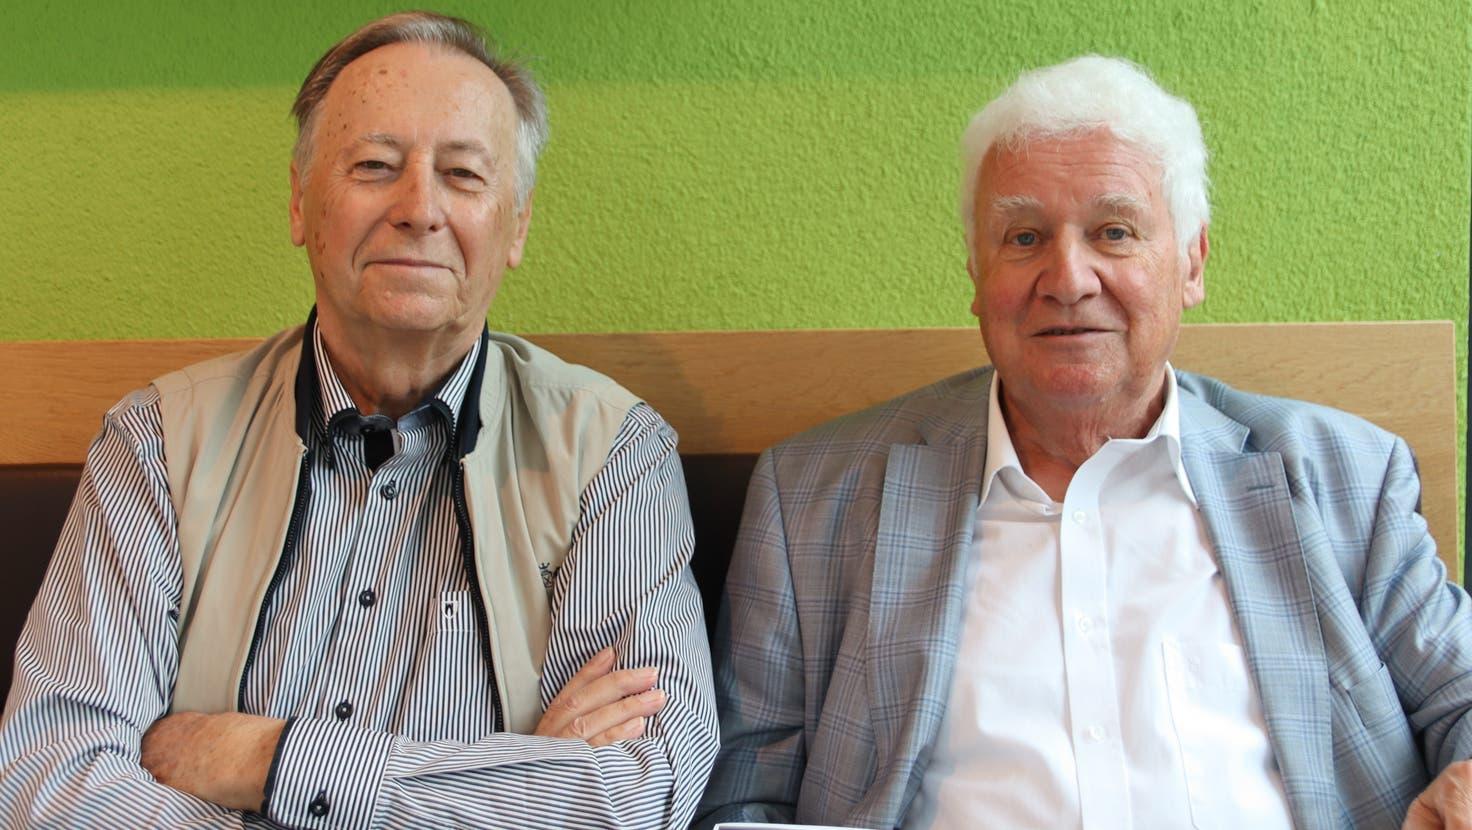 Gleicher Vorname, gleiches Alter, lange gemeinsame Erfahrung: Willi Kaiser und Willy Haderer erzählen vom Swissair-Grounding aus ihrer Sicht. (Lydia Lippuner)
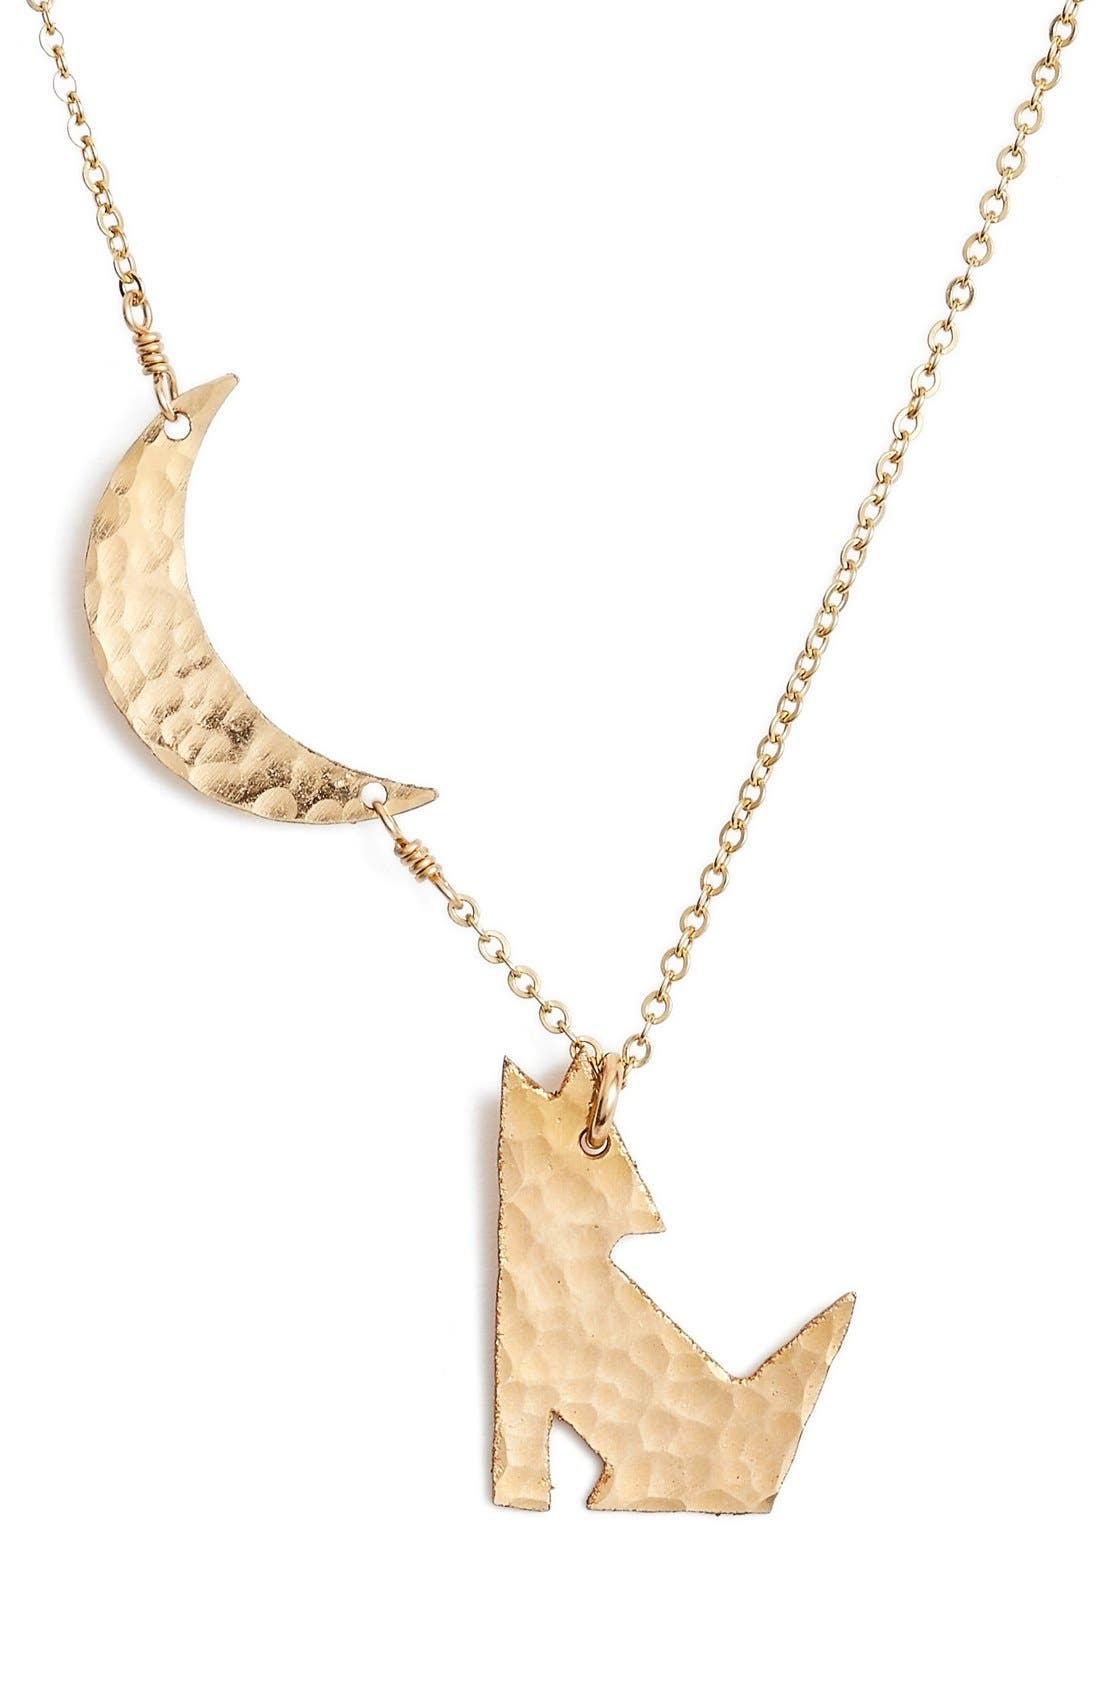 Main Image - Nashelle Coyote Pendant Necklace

* * *

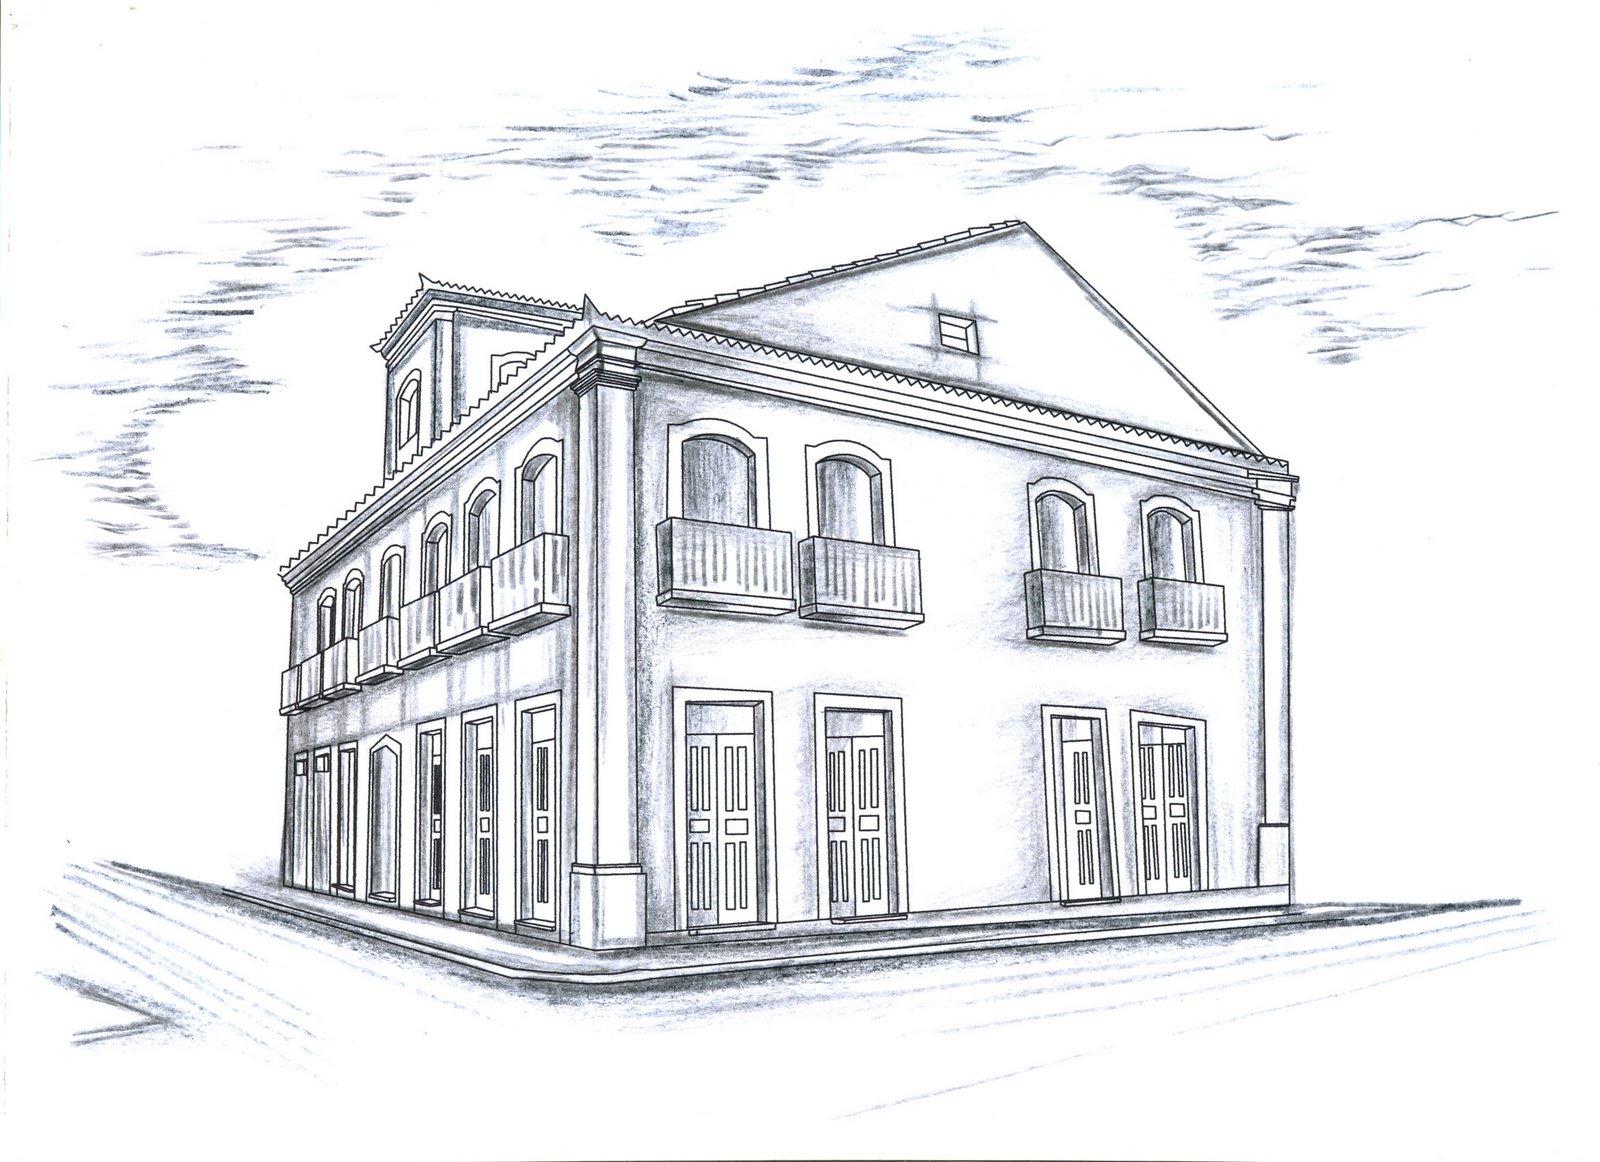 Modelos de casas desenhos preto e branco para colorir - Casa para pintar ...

▶ ACTIVITY: Look above for the line with "Gleicher Vorname, gleiches" and the line with "Main Image - Nashelle". Copy them and every line between, exactly, but no pictures.

▶ TASK OUTPUT:
 Gleicher Vorname, gleiches Alter, lange gemeinsame Erfahrung: Willi Kaiser und Willy Haderer erzählen vom Swissair-Grounding aus ihrer Sicht. (Lydia Lippuner)
 Main Image - Nashelle Coyote Pendant Necklace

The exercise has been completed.